Like many states, California’s penal code is written to support “indefinite punishment,” meaning judges can make sentences as wide as one year in Rodriguez’s lifetime. A defendant’s fate did not depend on the rules of the game, but rather on the judges and parole commissioners who accidentally took his case off the deck. Kline helped draft a law that would change the state from indefinite punishment to “specific” punishment – in fixed, clear terms, written in black and white, that no one could argue with or tamper with. To give judges some discretion when it comes to the most serious crimes, the law has identified several crimes that remain vague. One is felony murder, Guy’s conviction. Brown signed Senate Bill 42 in 1976.
Then Brown assigned Kline to the bench. His ascent continued. First, there was a fast-paced year at Woodside – one stay. Next, the seat in the California First District Court of Appeals. District One included San Francisco, which seemed to produce the most interesting cases in the state about technology, freedom of speech, guns, marriage, and prison. A great judge needs a great territory, Kline thought. Would anyone have heard of Brandeis, Warren, or Burger if they had been stranded in the Court of Appeals in Des Moines? For someone with the Kline temperament, most happy reading summaries and writing ideas, dating was an intellectual paradise.
In 1999, it ruled that families of victims of mass shooting in San Francisco could sue the manufacturer of the killer’s semi-automatic pistol. In 2006, he dissented from District One’s decision to uphold California’s ban on same-sex marriage. The most comprehensive was the 2018 verdict in the case known as In Re: Humphrey. Kenneth Humphrey, a former porter, followed an old man home and stole $7 in cash and a bottle of cologne. The judge set his bail at $350,000. Humphrey was unable to put the bond together. He challenged the bail decision on Eighth Amendment grounds, and the case escalated into the court system all the way to Kline. (Humphrey was represented by a rising star civil rights attorney named Chesa Boudin.) Kline, who wrote the unanimous decision, not only ruled in Humphrey’s favor, but at once severely restricted the use of cash bail in California: “One defendant only cannot be imprisoned for poverty.” It was the kind of decision a judge dreams of writing, and one that, with the stroke of a pen, changed the social fabric of tens of millions of people.
By the time he was 83 and back at Woodside, Kline could look forward to a good run. Still, everything hadn’t gone according to plan, she. There was one regret. Well, it wasn’t exactly a regret – the intentions were naive – but the realization that his early work with Jerry Brown meant nothing. Less than nothing: It actually made things worse. SB 42, which should have shortened prison sentences, did the opposite. Politicians tasked with setting new mandatory fines for crimes have raised these penalties to levels unheard of. “I didn’t realize that the Legislature would increase penalties every year,” Brown said. Meanwhile, prosecutors were given a gift: a huge menu of crimes with fixed-term sentences that they could use to threaten a defendant into making a plea bargain.

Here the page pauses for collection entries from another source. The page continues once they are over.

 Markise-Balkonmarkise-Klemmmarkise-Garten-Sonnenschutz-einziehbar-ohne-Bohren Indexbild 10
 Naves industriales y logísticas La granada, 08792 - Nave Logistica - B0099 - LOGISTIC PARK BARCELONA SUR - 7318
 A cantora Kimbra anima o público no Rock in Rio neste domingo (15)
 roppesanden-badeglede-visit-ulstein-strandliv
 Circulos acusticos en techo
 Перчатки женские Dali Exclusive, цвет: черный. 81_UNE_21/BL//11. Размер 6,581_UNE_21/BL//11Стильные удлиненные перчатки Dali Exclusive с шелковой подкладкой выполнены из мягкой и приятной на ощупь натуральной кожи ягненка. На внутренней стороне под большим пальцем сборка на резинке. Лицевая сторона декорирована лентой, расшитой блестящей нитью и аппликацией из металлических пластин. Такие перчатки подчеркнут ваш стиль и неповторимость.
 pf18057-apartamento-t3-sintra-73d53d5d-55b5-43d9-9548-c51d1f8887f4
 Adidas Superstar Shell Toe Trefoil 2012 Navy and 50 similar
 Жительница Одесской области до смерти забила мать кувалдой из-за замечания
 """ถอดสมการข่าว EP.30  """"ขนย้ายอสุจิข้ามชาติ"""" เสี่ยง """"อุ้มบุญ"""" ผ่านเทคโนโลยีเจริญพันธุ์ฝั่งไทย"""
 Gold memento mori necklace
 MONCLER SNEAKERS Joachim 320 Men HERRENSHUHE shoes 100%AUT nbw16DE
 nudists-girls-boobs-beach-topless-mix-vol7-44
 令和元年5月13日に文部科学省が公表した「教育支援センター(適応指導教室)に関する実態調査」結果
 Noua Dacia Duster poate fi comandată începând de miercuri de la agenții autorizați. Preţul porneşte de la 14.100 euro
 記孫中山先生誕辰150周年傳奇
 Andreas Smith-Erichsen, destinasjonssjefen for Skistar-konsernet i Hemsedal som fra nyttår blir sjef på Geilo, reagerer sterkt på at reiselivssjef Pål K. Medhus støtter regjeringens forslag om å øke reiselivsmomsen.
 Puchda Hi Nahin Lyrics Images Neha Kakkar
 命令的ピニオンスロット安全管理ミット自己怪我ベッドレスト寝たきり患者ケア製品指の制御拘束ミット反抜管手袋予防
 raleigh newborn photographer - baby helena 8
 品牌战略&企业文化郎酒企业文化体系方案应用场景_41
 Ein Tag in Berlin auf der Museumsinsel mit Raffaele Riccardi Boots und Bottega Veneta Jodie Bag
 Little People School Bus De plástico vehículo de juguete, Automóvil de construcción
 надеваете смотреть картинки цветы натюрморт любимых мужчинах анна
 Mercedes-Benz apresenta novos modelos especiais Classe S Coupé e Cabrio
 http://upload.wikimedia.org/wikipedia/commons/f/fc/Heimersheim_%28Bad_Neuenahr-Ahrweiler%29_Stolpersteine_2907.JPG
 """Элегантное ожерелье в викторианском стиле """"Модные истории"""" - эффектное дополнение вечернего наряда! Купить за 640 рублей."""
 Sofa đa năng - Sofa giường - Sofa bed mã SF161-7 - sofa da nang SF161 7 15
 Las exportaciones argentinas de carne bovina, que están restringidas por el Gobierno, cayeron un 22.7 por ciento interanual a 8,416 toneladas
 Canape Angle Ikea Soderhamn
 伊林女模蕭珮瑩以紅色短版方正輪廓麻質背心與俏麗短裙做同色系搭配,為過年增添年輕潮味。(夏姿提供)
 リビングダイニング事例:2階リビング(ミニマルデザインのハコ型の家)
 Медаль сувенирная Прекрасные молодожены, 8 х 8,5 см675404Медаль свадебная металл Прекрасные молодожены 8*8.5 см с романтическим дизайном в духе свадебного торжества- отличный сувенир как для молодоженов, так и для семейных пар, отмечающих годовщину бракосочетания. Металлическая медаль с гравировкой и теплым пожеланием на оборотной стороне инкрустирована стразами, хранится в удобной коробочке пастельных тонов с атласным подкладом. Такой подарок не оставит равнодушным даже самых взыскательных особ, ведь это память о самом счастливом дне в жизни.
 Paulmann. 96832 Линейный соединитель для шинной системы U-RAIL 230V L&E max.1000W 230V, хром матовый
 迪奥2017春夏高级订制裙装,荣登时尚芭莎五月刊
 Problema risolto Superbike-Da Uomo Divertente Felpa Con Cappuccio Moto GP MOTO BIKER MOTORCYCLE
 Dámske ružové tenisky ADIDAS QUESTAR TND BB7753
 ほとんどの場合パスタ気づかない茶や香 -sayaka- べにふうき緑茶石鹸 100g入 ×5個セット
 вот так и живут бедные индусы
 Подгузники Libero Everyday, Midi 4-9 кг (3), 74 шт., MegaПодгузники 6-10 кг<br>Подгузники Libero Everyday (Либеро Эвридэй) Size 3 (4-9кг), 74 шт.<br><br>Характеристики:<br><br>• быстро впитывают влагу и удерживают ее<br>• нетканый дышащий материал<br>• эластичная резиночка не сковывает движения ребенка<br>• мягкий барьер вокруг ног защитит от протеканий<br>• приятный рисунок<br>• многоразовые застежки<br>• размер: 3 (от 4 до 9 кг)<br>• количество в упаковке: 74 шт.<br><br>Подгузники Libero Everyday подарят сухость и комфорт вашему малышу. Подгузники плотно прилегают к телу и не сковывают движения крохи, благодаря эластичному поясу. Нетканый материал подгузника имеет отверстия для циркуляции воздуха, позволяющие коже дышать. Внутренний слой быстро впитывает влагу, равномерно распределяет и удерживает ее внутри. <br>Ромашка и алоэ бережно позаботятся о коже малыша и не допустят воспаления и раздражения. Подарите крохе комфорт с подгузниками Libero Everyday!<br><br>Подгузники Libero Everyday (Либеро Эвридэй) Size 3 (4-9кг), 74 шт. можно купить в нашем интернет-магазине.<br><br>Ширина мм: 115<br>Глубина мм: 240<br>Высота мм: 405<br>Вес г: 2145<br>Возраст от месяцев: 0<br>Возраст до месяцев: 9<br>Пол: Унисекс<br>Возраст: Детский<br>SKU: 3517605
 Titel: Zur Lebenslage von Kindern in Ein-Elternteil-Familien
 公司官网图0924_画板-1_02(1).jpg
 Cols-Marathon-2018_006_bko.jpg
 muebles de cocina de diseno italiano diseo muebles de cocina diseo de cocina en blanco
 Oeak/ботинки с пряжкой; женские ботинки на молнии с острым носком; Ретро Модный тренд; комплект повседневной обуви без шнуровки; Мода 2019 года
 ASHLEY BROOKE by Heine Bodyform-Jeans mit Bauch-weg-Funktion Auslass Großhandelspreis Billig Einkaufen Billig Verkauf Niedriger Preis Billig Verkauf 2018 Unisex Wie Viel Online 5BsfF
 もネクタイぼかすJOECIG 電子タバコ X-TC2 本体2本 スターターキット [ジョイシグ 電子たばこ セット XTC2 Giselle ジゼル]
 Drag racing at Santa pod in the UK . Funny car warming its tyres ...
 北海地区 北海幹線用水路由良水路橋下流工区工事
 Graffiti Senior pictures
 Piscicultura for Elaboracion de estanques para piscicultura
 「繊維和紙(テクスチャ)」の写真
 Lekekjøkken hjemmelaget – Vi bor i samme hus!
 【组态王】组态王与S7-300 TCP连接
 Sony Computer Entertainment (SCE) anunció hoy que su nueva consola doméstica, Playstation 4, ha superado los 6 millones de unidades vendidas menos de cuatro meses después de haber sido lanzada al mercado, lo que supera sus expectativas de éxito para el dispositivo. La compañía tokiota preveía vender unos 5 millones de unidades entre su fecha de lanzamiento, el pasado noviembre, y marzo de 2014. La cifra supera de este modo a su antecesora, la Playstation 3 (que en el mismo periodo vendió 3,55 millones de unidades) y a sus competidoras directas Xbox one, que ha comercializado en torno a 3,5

The situation was no better for indefinitely sentenced prisoners. Kline believed that the parole boards would abide by Rodriguez’s decision and release the prisoners when they were ready. Instead, parole commissioners broke the decision with little consequence. Kline realized that no judge in California had the power to punish like the parole board. Kline watched the prison population explode from 1980 to 2010, until California prisons were operating at about 200 percent capacity. In 2011, the United States Supreme Court ruled that the California prison system was unconstitutionally overcrowded. What Kline didn’t know was that ten years later this decision would reunite her with Jamesetta Guy.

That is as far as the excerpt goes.